Not a launch event. Not a shiny render of a future data-center campus. A site-planning desk with utility notes, fiber routes, cooling assumptions, and a spreadsheet asking the same boring question over and over: how quickly can this building be made sellable to a real tenant?

That is where the money is made or lost.

If an older telecom-heavy property already has fiber access, usable power, and a plausible route to higher-density retrofits, it can become an AI infrastructure asset long before a new campus comes online. The buyer is not just underwriting square footage. The buyer is underwriting conversion speed.

This is why the phrase "closer to end-users" in the Reuters report matters more than the purchase price. It signals that part of the AI trade is moving from heroic training clusters into distributed inference plumbing.

##Who Benefits From The Recycling Trade

The seller's side is just as important.

Cogent is not selling because data centers have stopped being attractive. It is selling because these facilities may be more valuable to a specialist operator than inside a bandwidth company managing leverage.

On Cogent's May earnings call, management said proceeds from data-center sales would help rapidly delever the borrower group. That creates a neat handoff: Cogent sees non-core assets that can repair the balance sheet; I Squared sees latency-ready inventory that can seed an AI infrastructure platform.

Same buildings. Different owners. Different math.

The beneficiaries are not only obvious AI names. The second-order winners can include:

  • infrastructure funds that can buy technical real estate before public investors relabel it as AI exposure,
  • operators that know how to add cooling, power density, and interconnection without wasting two years,
  • and customers that need inference capacity sooner than a new campus can be delivered.
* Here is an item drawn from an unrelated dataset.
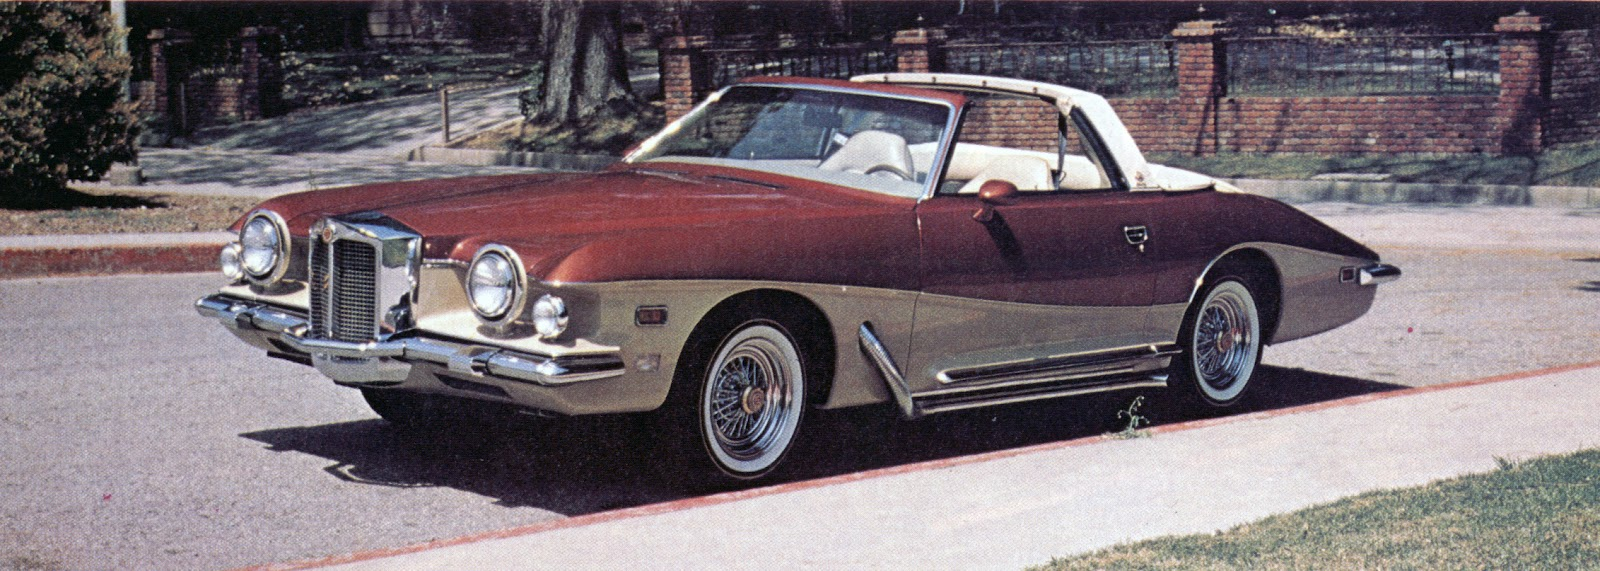 1976 Stutz Blackhawk Coupe |1976 Stutz Bearcat
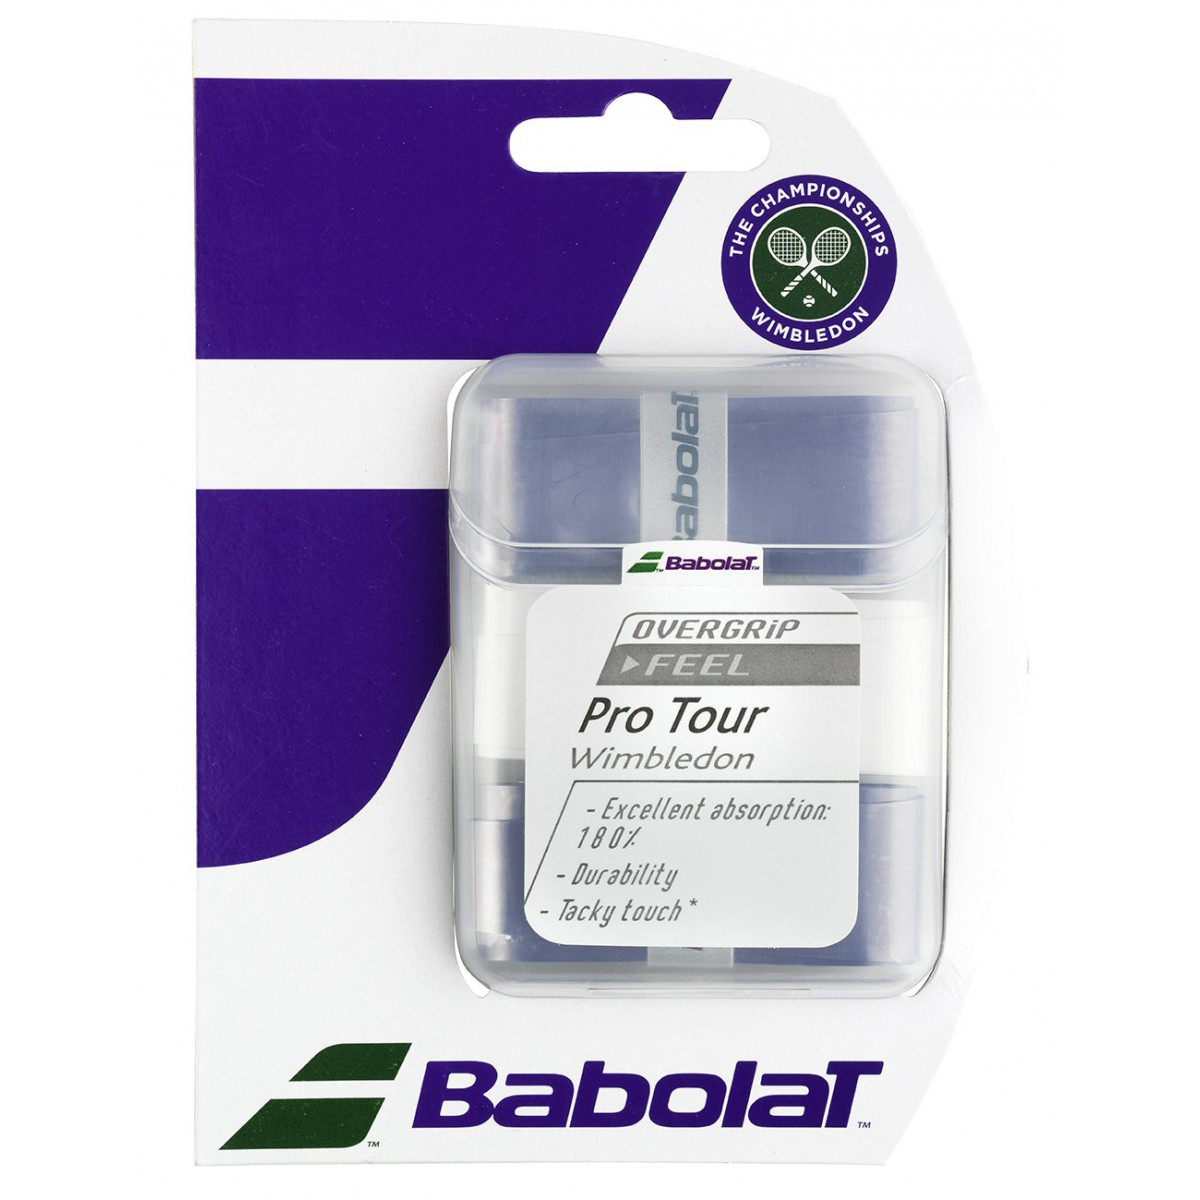 Babolat Pro Tour Wimbledon Bianco-Viola (3x) 1

The losers are the investors still treating every data-center story as one giant category.

##What Investors Should Watch Next

The cleanest test is not whether more companies say "AI data center" in a press release.

The test is whether older assets start changing hands at prices that assume retrofit value, faster lease-up, and higher-density workloads. Former telecom sites, carrier hotels, regional colocation properties, and underloved technical buildings can all be repriced if they sit in constrained markets with usable power and interconnection.

That does not mean every old facility becomes an AI gold mine. Some buildings will fail the cooling math. Some will be trapped by utility timelines. Some will need more capital than the tenant economics justify.

But the direction is clear enough: AI infrastructure is maturing from a pure buildout story into an asset-conversion market.

The next AI capacity trade may not start with new land. It may start with somebody else's overlooked building.

##FAQ

#Why does I Squared's Cogent data-center deal matter?

It matters because it shows AI inference demand can reprice existing telecom and colocation facilities, not just new hyperscale campuses. The financial mechanism is asset conversion: buy older technical real estate, upgrade it, and sell faster usable capacity.

#What is AI inference in business terms?

AI inference is the recurring use of trained AI models in real applications. In infrastructure terms, it can reward distributed data centers with power, cooling, and fiber near customers rather than only massive training campuses.

#What is the main risk in this trade?

The risk is that retrofit economics do not work. If power upgrades, cooling, utility queues, or tenant demand disappoint, an "AI-ready" building can become just another expensive real-estate project with better marketing.